I received an email last week from Kathy Buckley. She is a stand-up comedienne and motivational speaker, and she was someone Ken loved very much. They met in 2004 when we lived in Los Angeles at a Disability Showcase for CBS, and in my recollection it was love at first sight. I remember him telling me about their first meeting and her brazenly honest approach to life. She was somewhat of a mirror to Ken--neither of them looking at their disabilities as inabilities. Anyway, her email indicated she'd be in town and wanted to know if we could get together for dinner. It was really excited to hear from her, and even more so to be able to visit with her.
I remember all through Ken's illness I received a phone call every so often from Kathy--calling not to check on Ken (because they communicated regularly)--she was calling to check on me. I had never actually connected with her, but would try to send her an email to thank her for the call and update her on how I was doing. In March when Ken was in the hospital before being released to come home for hospice, she had called me. I was stressed and emotionally stretched to my limits. I had left Ken at the hospital with visiting friends to come home to coordinate the removal of a really unsatisfying massage chair I'd bought for him and the delivery of his hospital bed, oxygen concentrator, and all the accoutrements of hospice. Kathy's call came while they were putting together the hospital bed. I felt so bad that I'd never been able to talk with her live, so I answered, thinking it would do me good to talk with her. I think I got out, "Hi, Kathy" before I completely broke down--unable to utter another single word. After a few moments of my complete inability to get out one single discernible word, she told me she very sweetly told me she loved me and that maybe it would be better we spoke another time. I did my best to reply in agreement before hanging up and stumbling to our bedroom where I curled up on the bed and let myself completely unravel for a few brief minutes, but picking myself up, washing my face and heading back to the hospital.
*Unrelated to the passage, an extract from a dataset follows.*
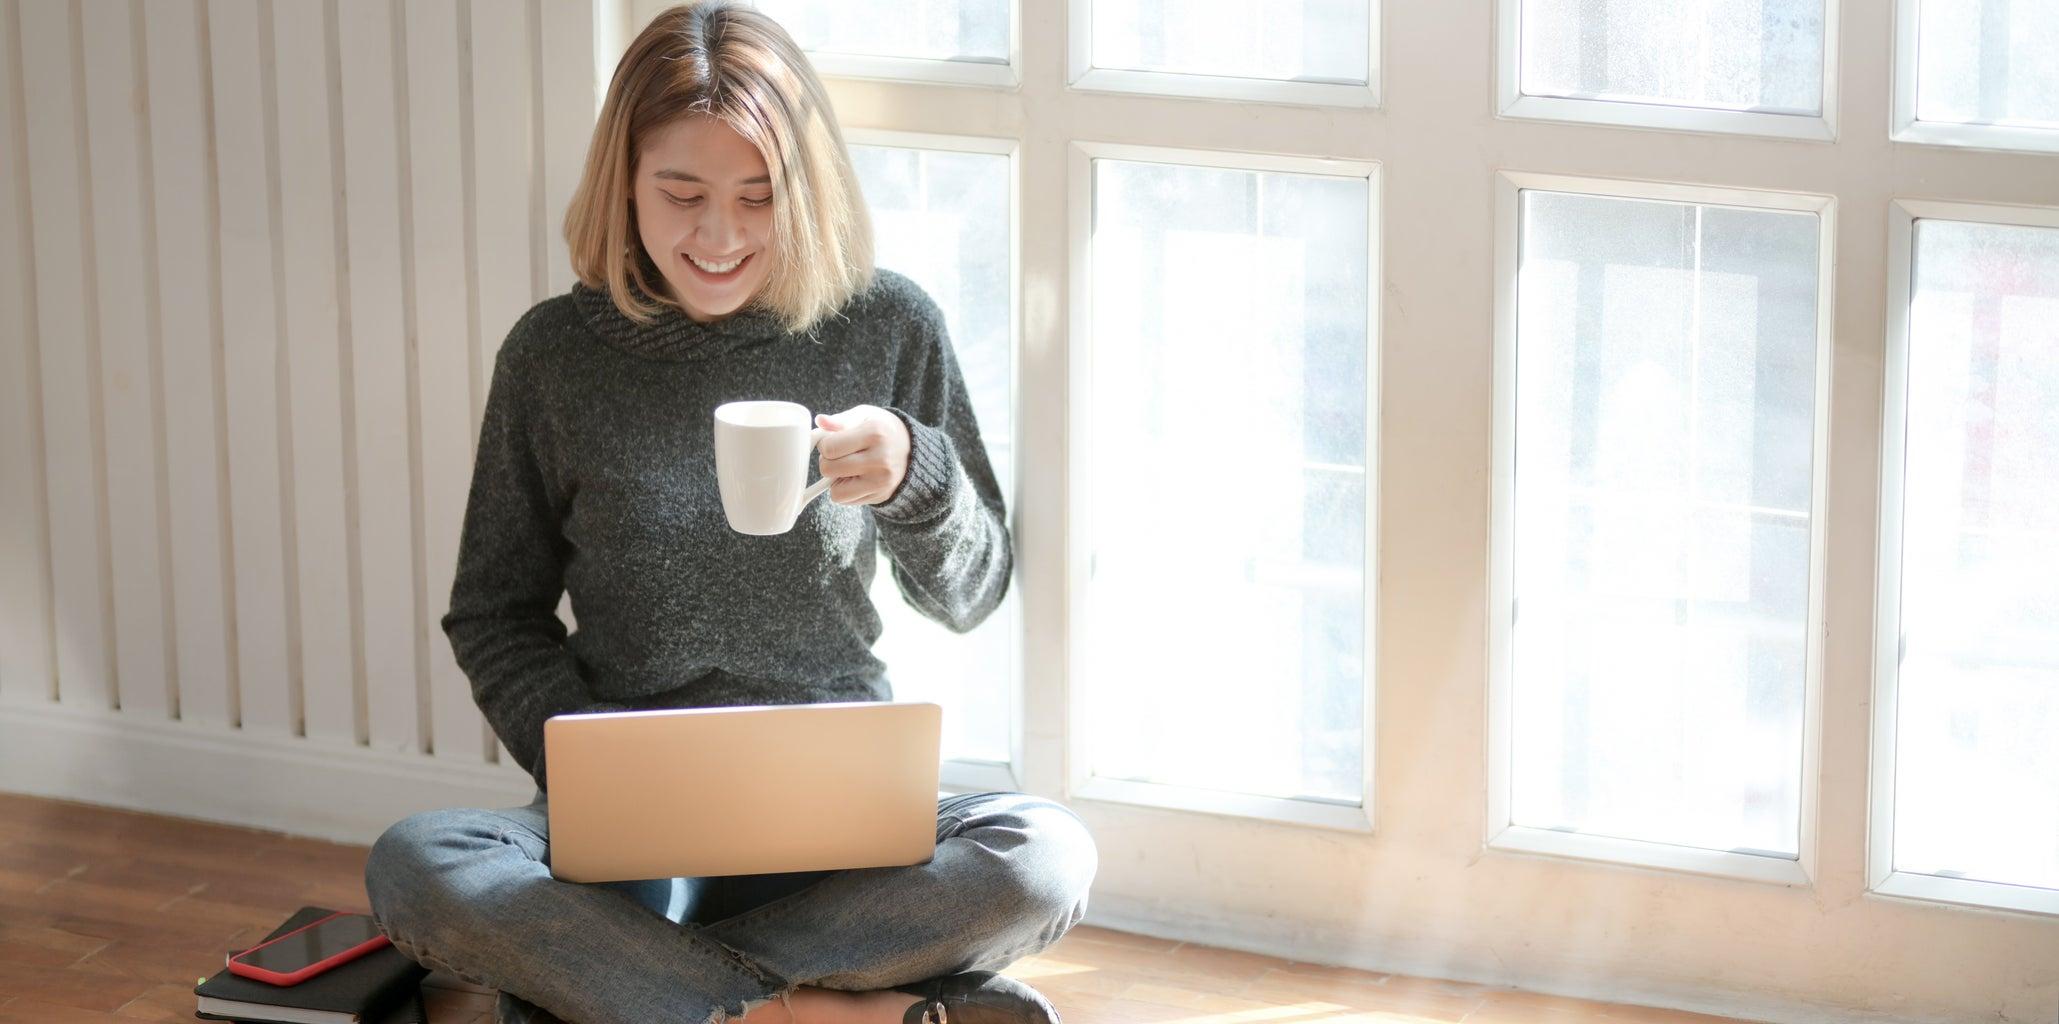 Woman in Grey Sweater holding Coffee Mug
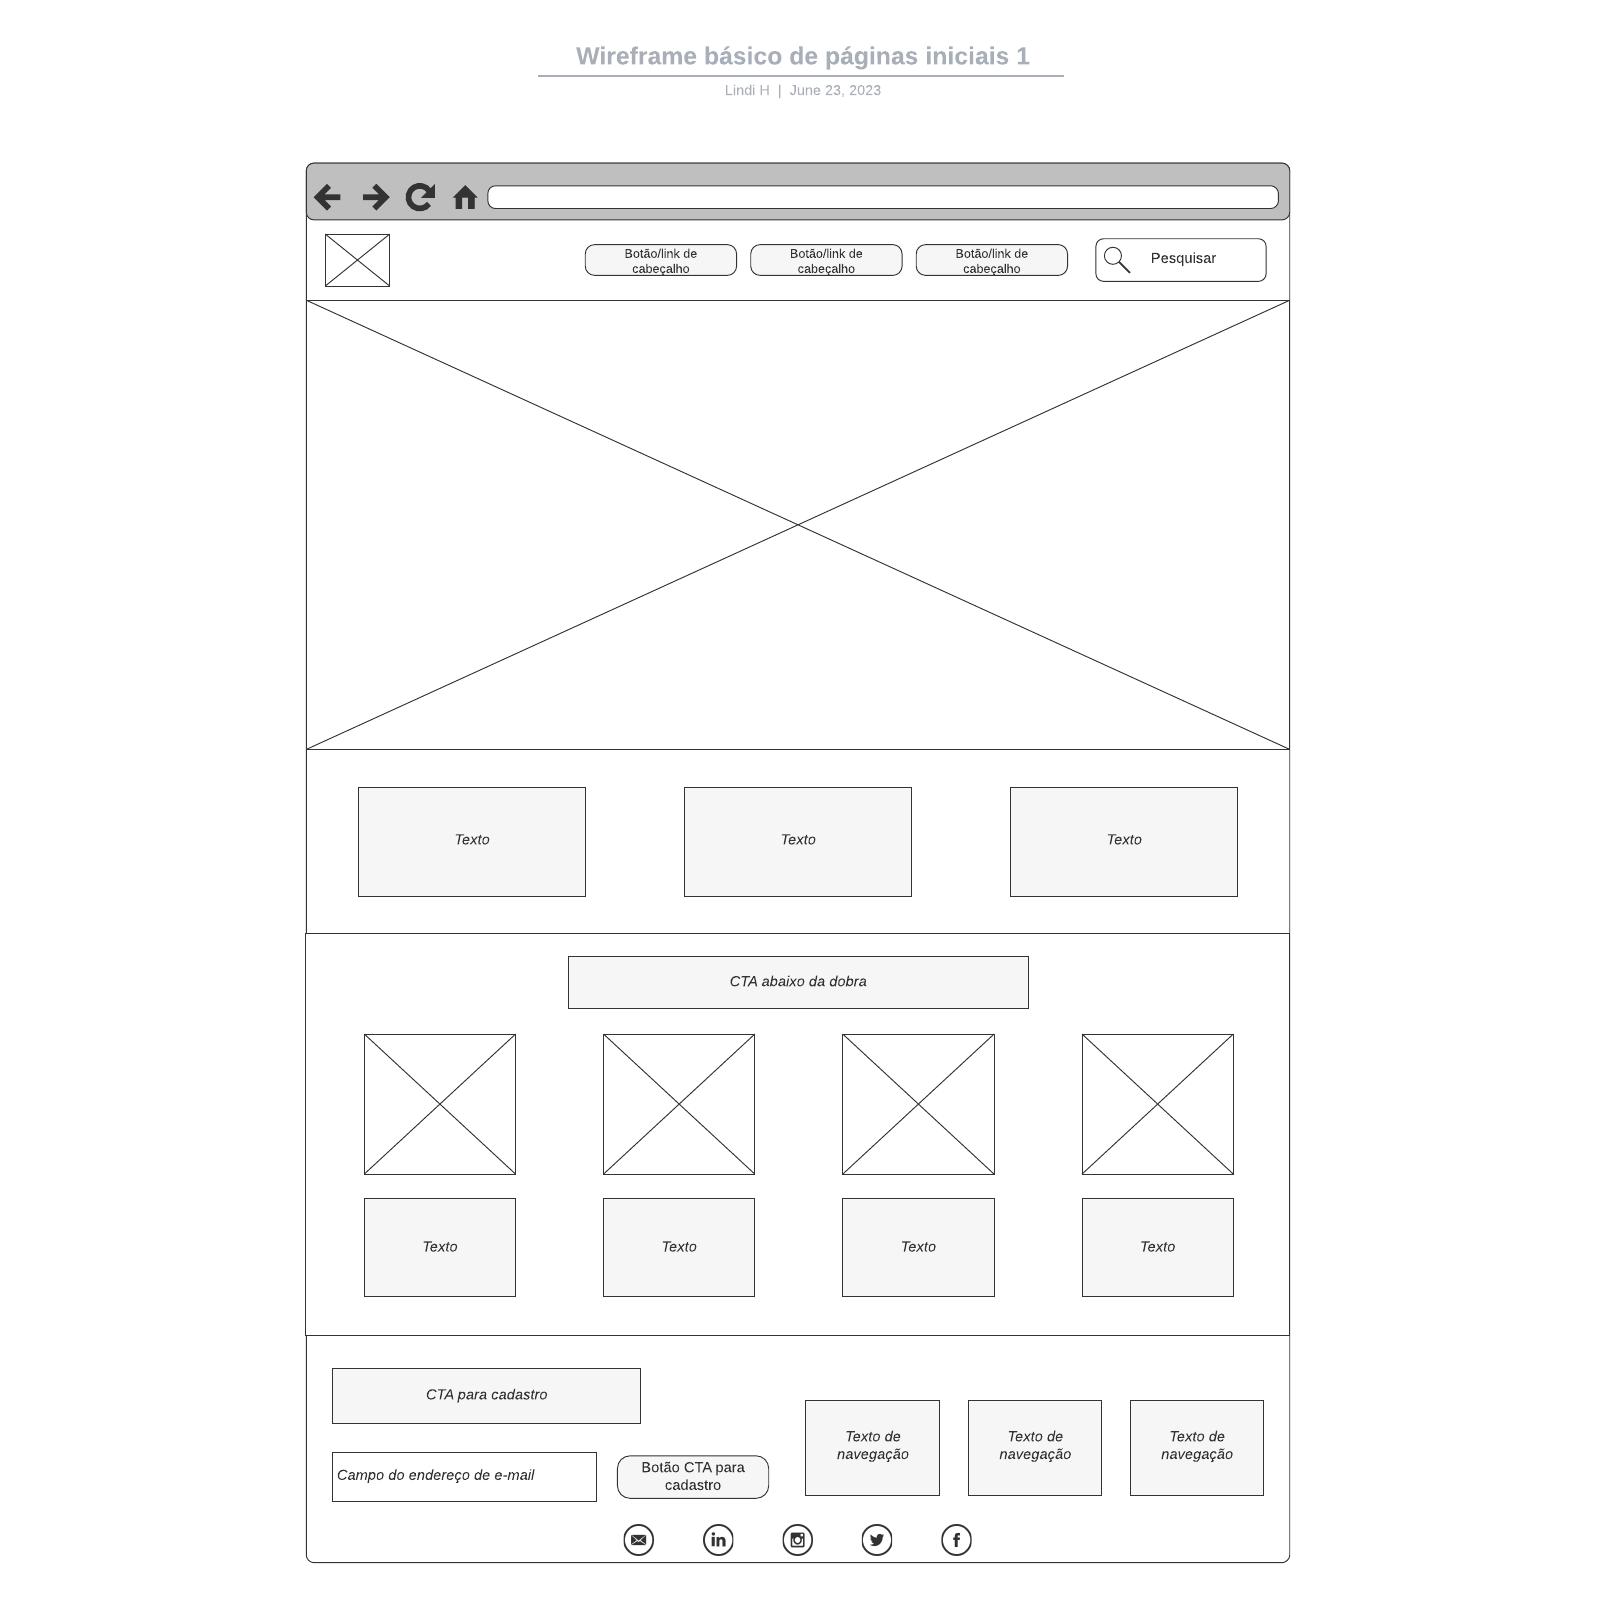 Wireframe básico de páginas iniciais 1

I'd had a couple of "dark" days before I met Kathy for dinner. I'm certain part of it was anxiety about seeing her and just not knowing what to expect. Could I comfort her if she needed to express her feelings about Ken's death? Would be both be messes? Or would I just not know what to say to her? In trying to figure out why I was feeling so uncertain, I thought a lot about Ken's journey-oriented attitude--one I'm trying to adopt when possible--and considered that sometimes my feelings can be too complex to be "figured out". In those cases, it's been more "fake it 'til you make it."
When I arrived at the hotel and walked through the slowly turning automatic door, I could see her face, smiling from her perch on a table in the middle of the lobby. We hugged hard and long. She engenders such love, light and peace, I felt like I could have just melted away in her embrace. I haven't physically seen Kathy since April 28, 2006, when Ken and I had a small "going away" gathering at our apartment in the San Fernando Valley before we moved back to Chicago. She and Ken had kept in regular touch with each other, and he'd been able to see her on a trip or two back to LA since we moved. They'd had regular phone conversations up until shortly before his death.
Kathy is a unique combination that is sublime and so full of light and love mixed with bawdy and audacious humor. My time with her didn't lack anything. It's a strange thing to find yourself friends with people who were Ken's friends. They were mine too--by proxy, but I was never the main caretaker of those relationships. That's another facet of loss that I'm learning to deal with. So many people reached out and supported us during the past two years, and I'd like to be able to connect with each of them--whether in person, email or snail mail card--but it doesn't always occur to me to do so, and doesn't always seem possible. I guess it's just daunting. Or maybe I'm doing enough or as much as I can. Regardless, my visit with Kathy was as colorful as Kathy herself is.
In anticipating our visit, I felt more like I was going to visit with a friend of Ken's, but as I lost track of my multiple neuroses, I knew I was sitting and talking with a good friend of mine. I was happy she brought up Ken and we were able to talk about him, lovingly and harassingly. I told her (and she agreed) that he would be so happy to see us sitting together, talking, harassing and loving each other. It felt so right.